— Вы по-прежнему помешаны на знаменитостях? — спросила Мальнер, рассерженная похвалами ее старого врага. — Кронсберг кишит ими. Здесь Зоннек, здесь Эрвальд; на этих двух вы сегодня же можете полюбоваться, потому что Эрвальд живет у нас, а Зоннек хотел прийти с женой. Вы знаете, что шесть недель назад он женился?
— Знаю, об этом писали во всех газетах. Женился на хорошенькой, молоденькой… Счастливец!
— Да, он счастлив, — подтвердила Ульрика, — достаточно посмотреть на него, чтобы сразу увидеть это; он совсем преобразился и имеет такой вид, точно попал в рай. Что ж, я рада за него! Это — единственный человек во всем мире, который заслуживает счастья.
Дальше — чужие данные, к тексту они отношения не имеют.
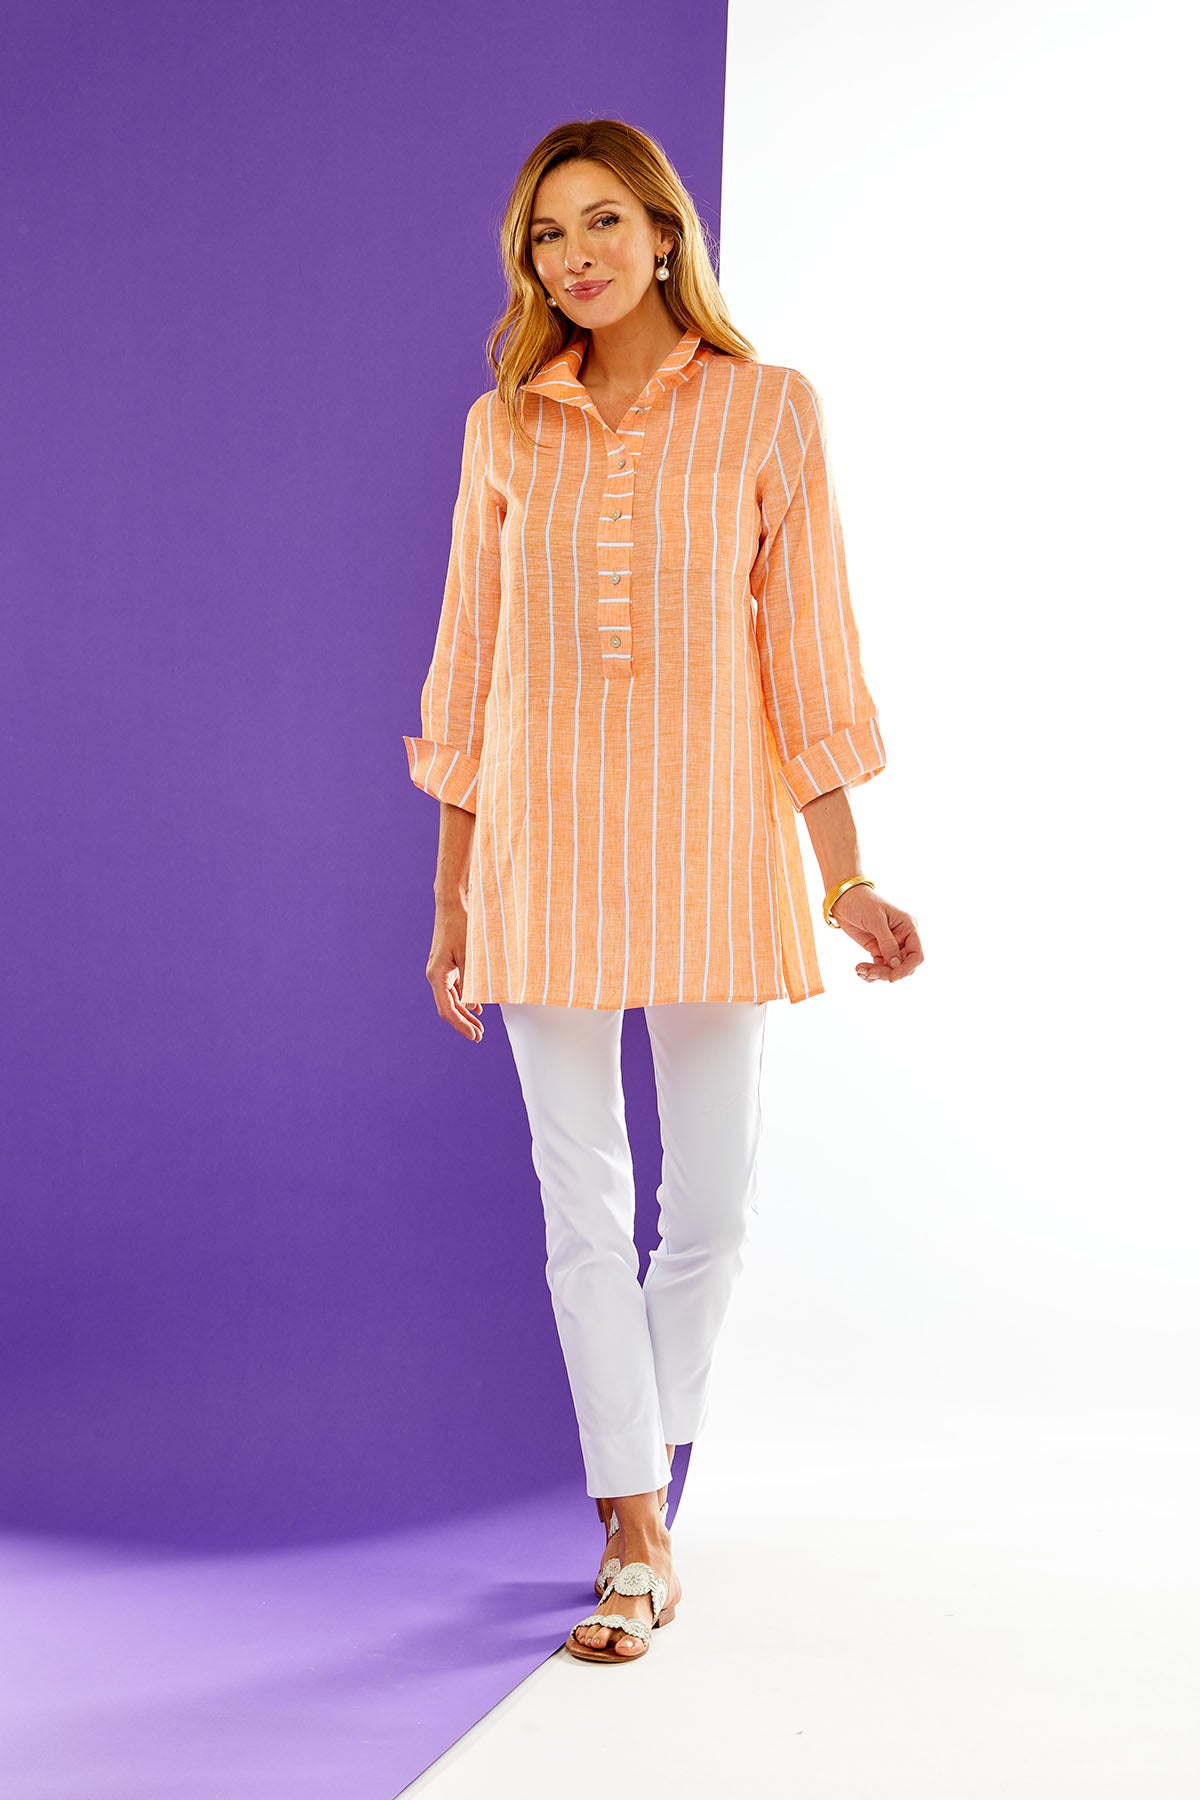 Woman in orange and white stripe tunic

— Полагаю, вы не меньше рады за свою невестку, — возразил Эльрих. — Насколько я слышал, она очень счастлива замужем, и у нее трое прелестных деток.
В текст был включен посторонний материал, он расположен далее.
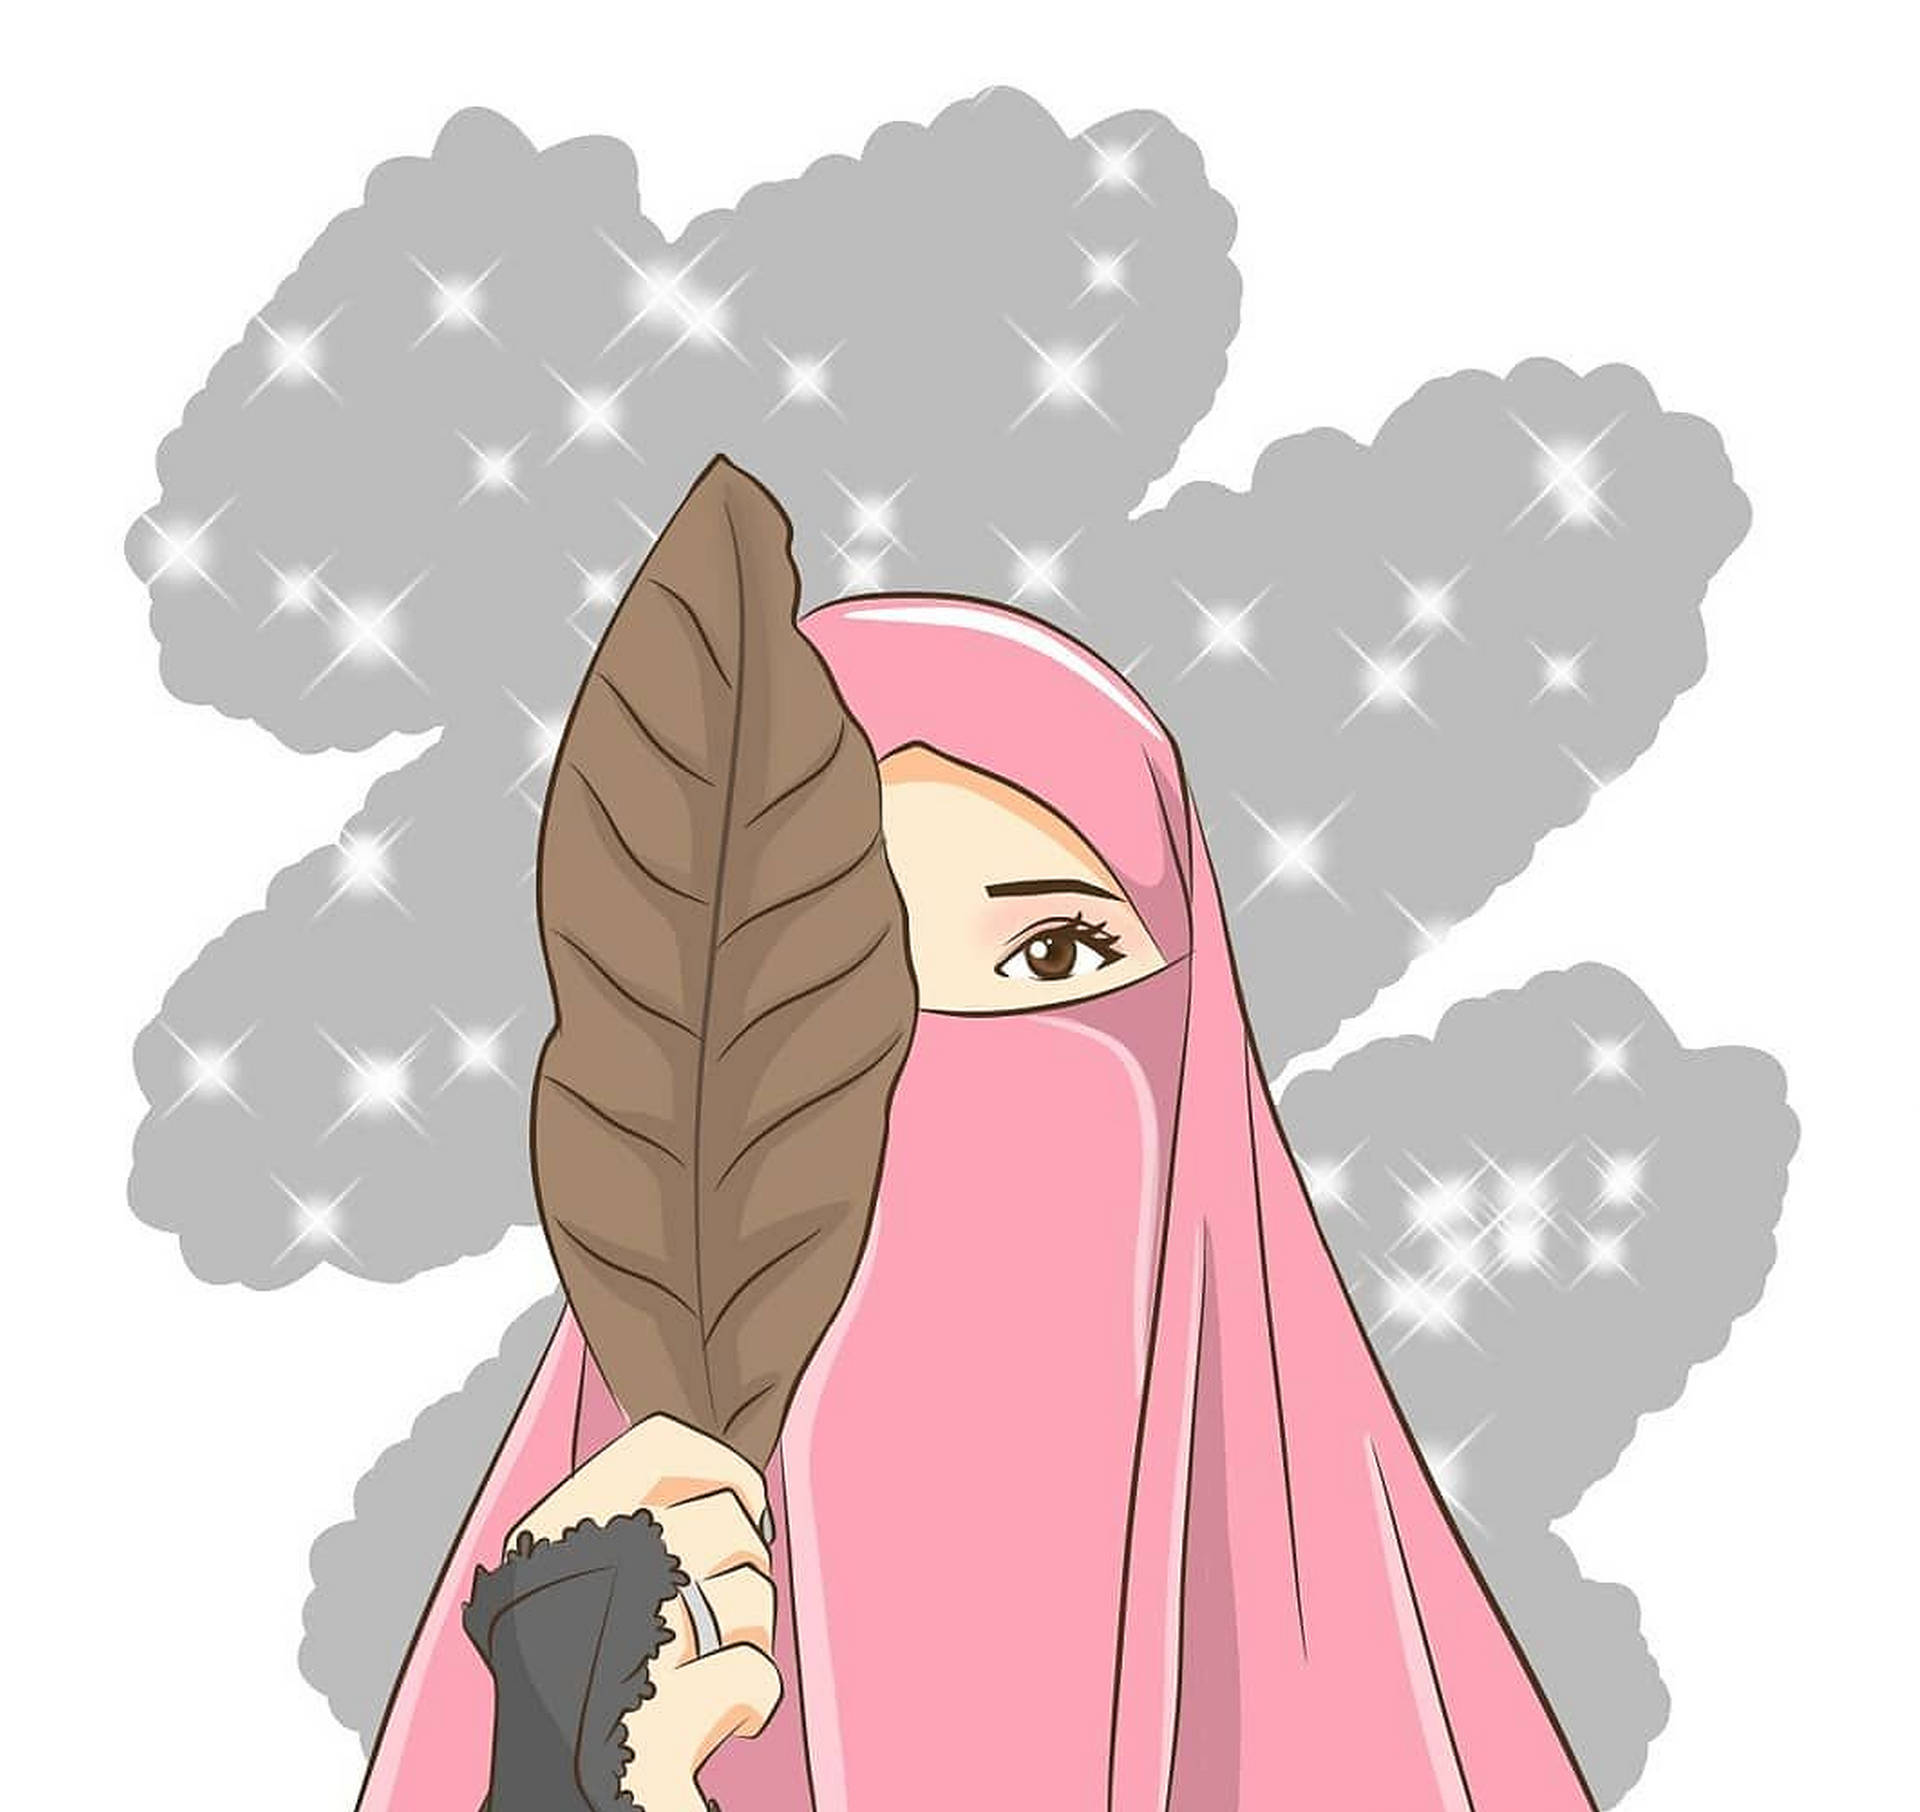 Download Muslim Girl Cartoon Profile Picture

— Трое прелестных деток? — иронически повторила Ульрика. — Да, у нее трое детей, трое самых безбожных, распущенных мальчишек, какие только могут быть. И не мудрено: они пошли в папеньку. Отец понятия не имеет о воспитании и предоставляет им расти, как дикарям; в доме только и знают, что хохочут, веселье с утра до вечера. Зельма то и дело расправляется с ними и так колотит своих мальчишек, что чудо!
— Колотит? — растерянно спросил Эльрих, так как в его памяти осталась бледная, худенькая женщина, едва решавшаяся поднять глаза от робости.
— Научилась! Да и нельзя без этого, — с убеждением сказала Ульрика. — Только и побои не помогают; эта шайка носится по дому и саду и галдит так, что одуреешь. Впрочем, теперь я держу их в ежовых рукавицах; уж я отлично знаю, чем заткнуть им глотки!
Она казалась страшно сердитой и с торжеством потрясала своим большим саквояжем. Маленький человечек испуганно покосился на него; наверно, там хранились орудия наказаний для бедных малюток, которые, может быть, действительно, были немножко шаловливы. Он не понимал, как мог Бертрам допустить, чтобы с его детьми так обращались; ведь раньше он выказывал удивительную энергию в столкновениях с властолюбивой дамой, теперь же она, по-видимому, держала в ежовых рукавицах весь дом. Во всяком случае Мальнер была в опасном расположении духа, а поэтому Эльрих попытался осторожно переменить тему разговора.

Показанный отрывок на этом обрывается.